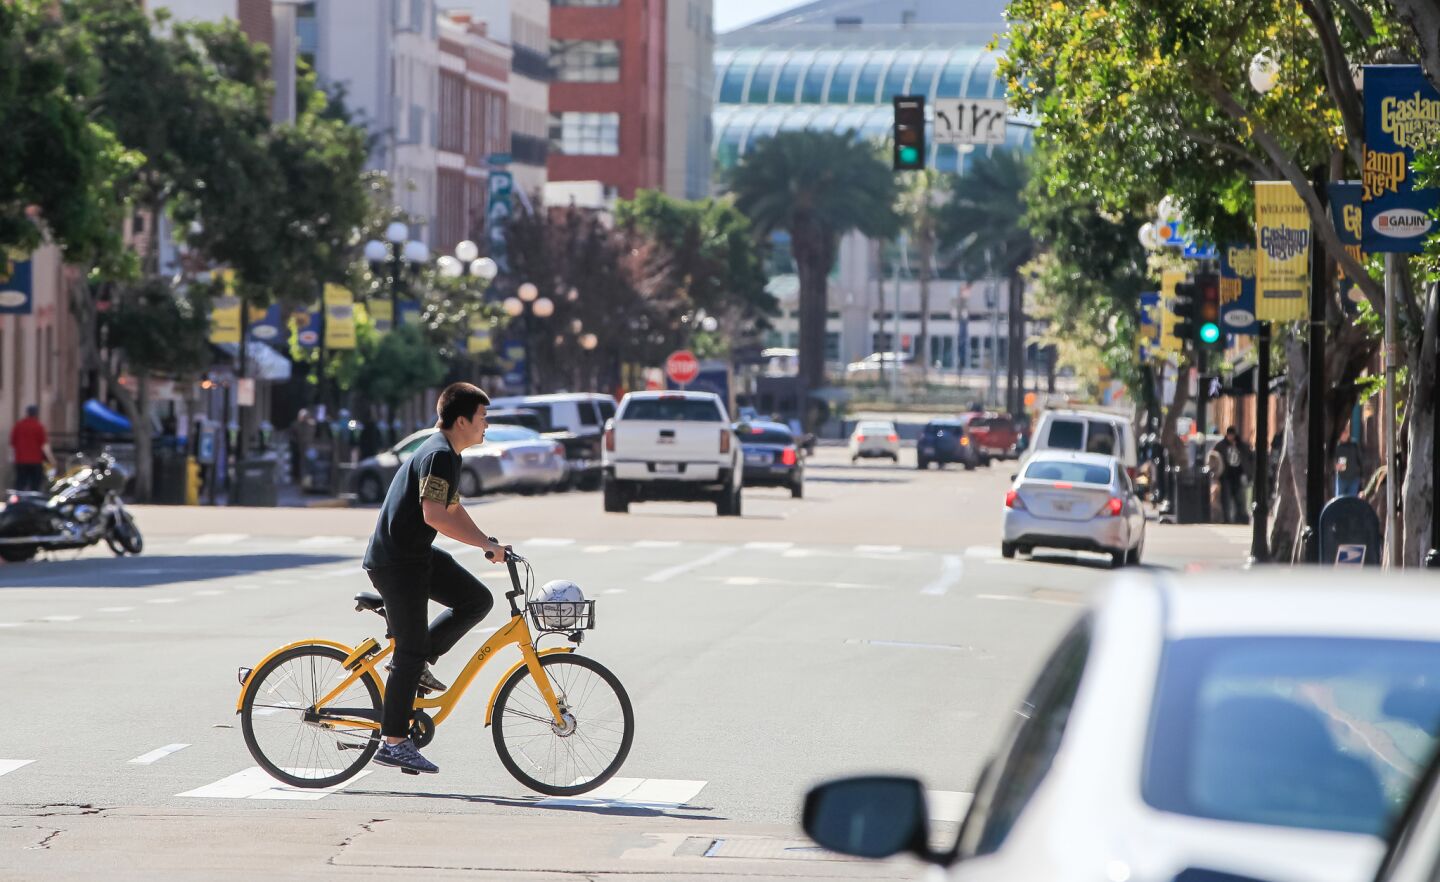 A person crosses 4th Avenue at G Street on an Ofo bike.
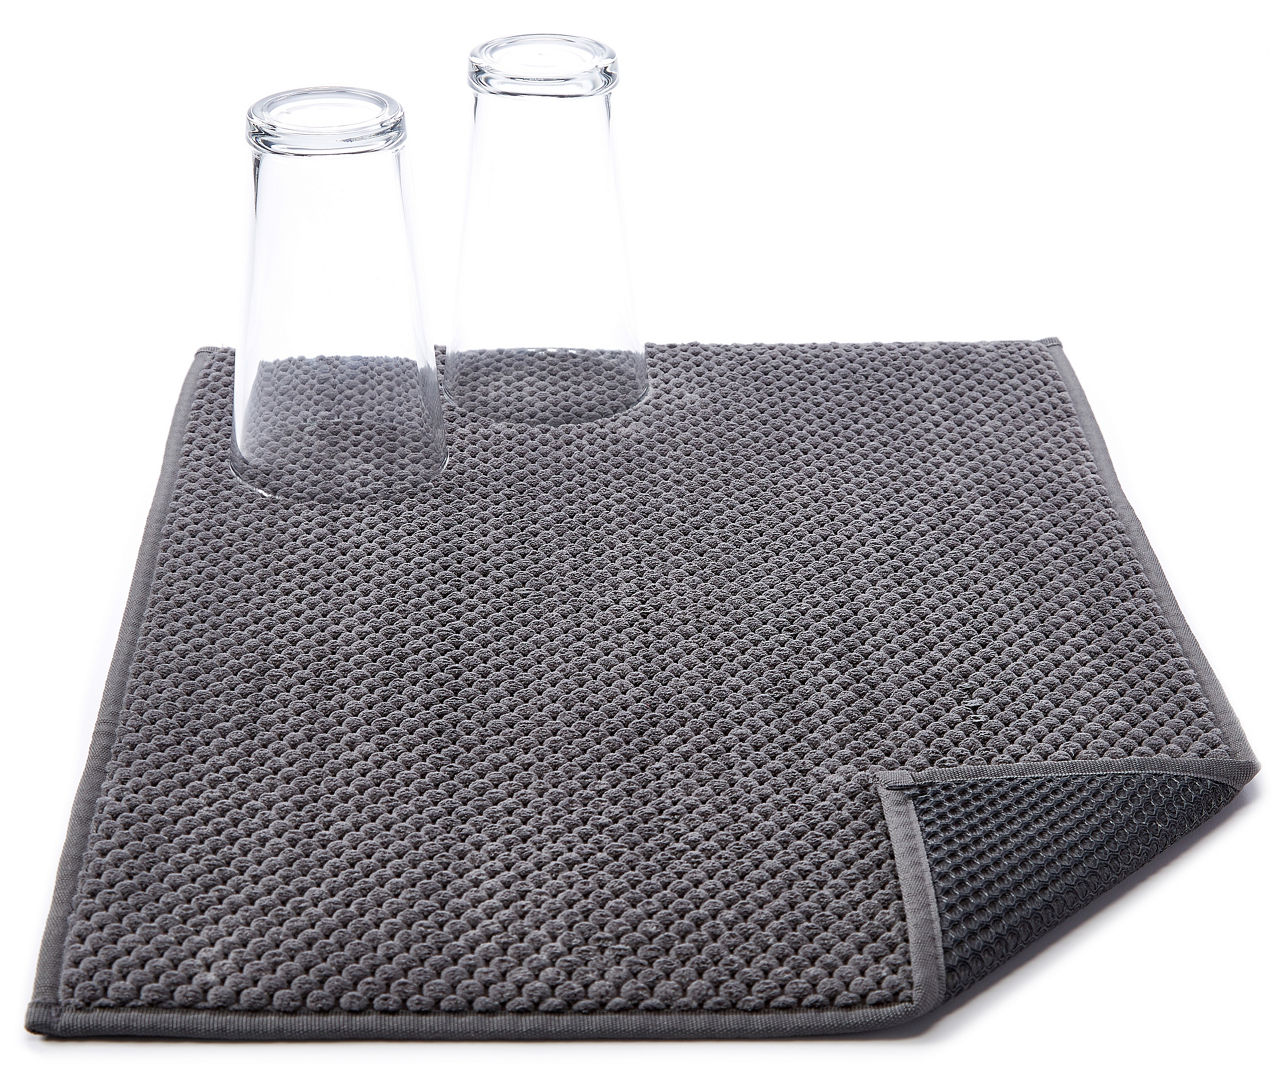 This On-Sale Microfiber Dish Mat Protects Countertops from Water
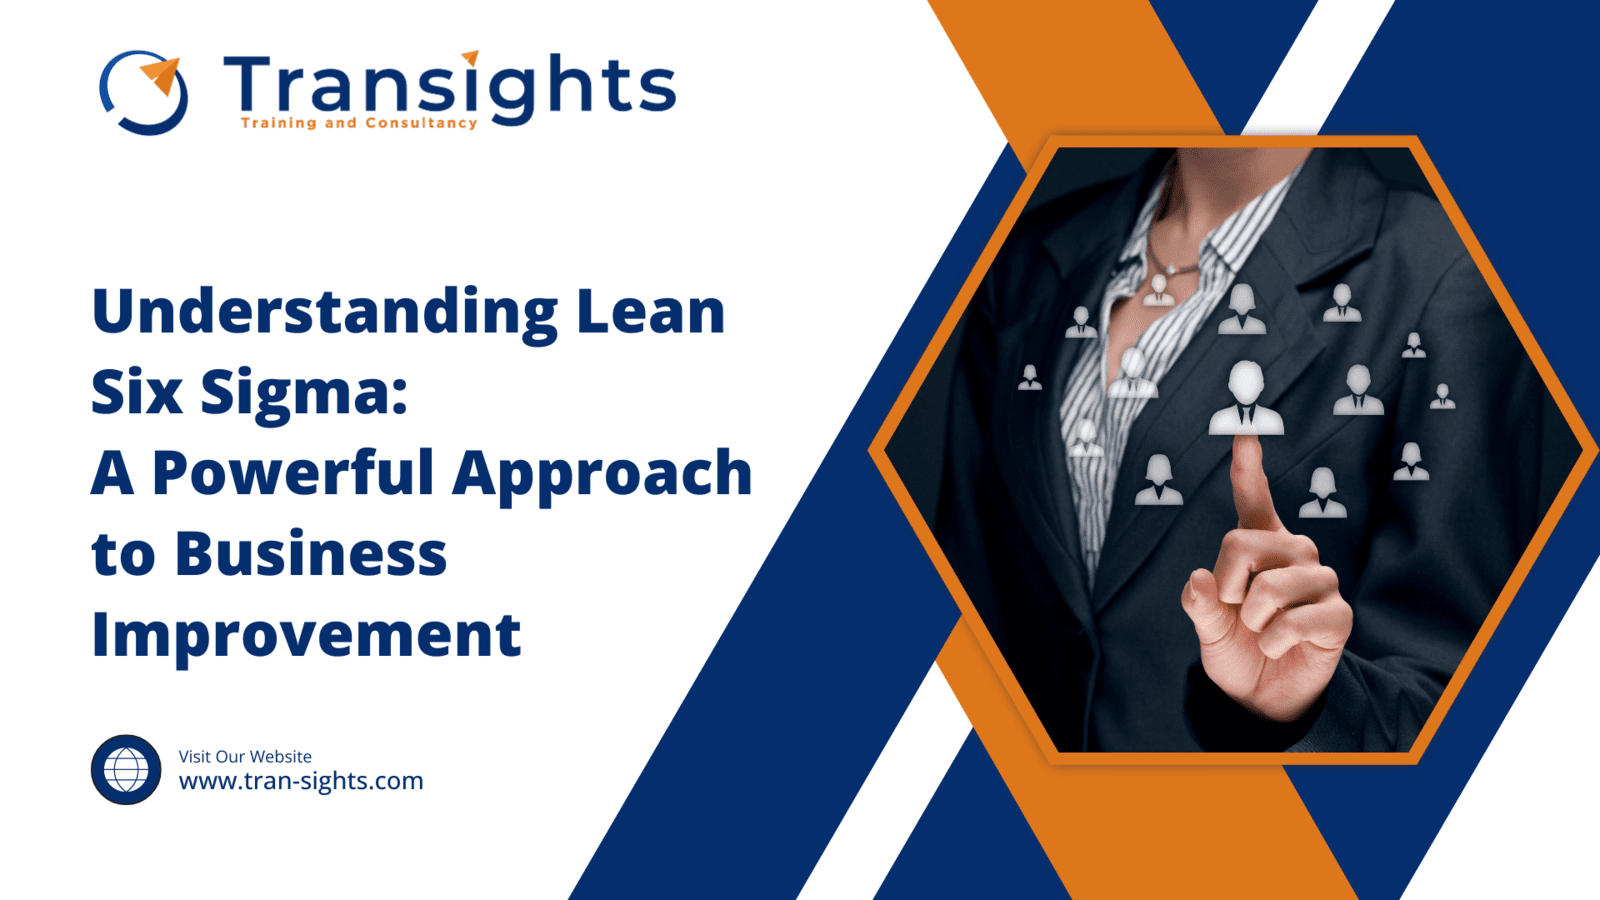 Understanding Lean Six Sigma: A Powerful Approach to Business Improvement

═══

Work to complete: Word for word, reproduce the material above and omit each image.

Task solution:
 A person crosses 4th Avenue at G Street on an Ofo bike.
 This On-Sale Microfiber Dish Mat Protects Countertops from Water
 Understanding Lean Six Sigma: A Powerful Approach to Business Improvement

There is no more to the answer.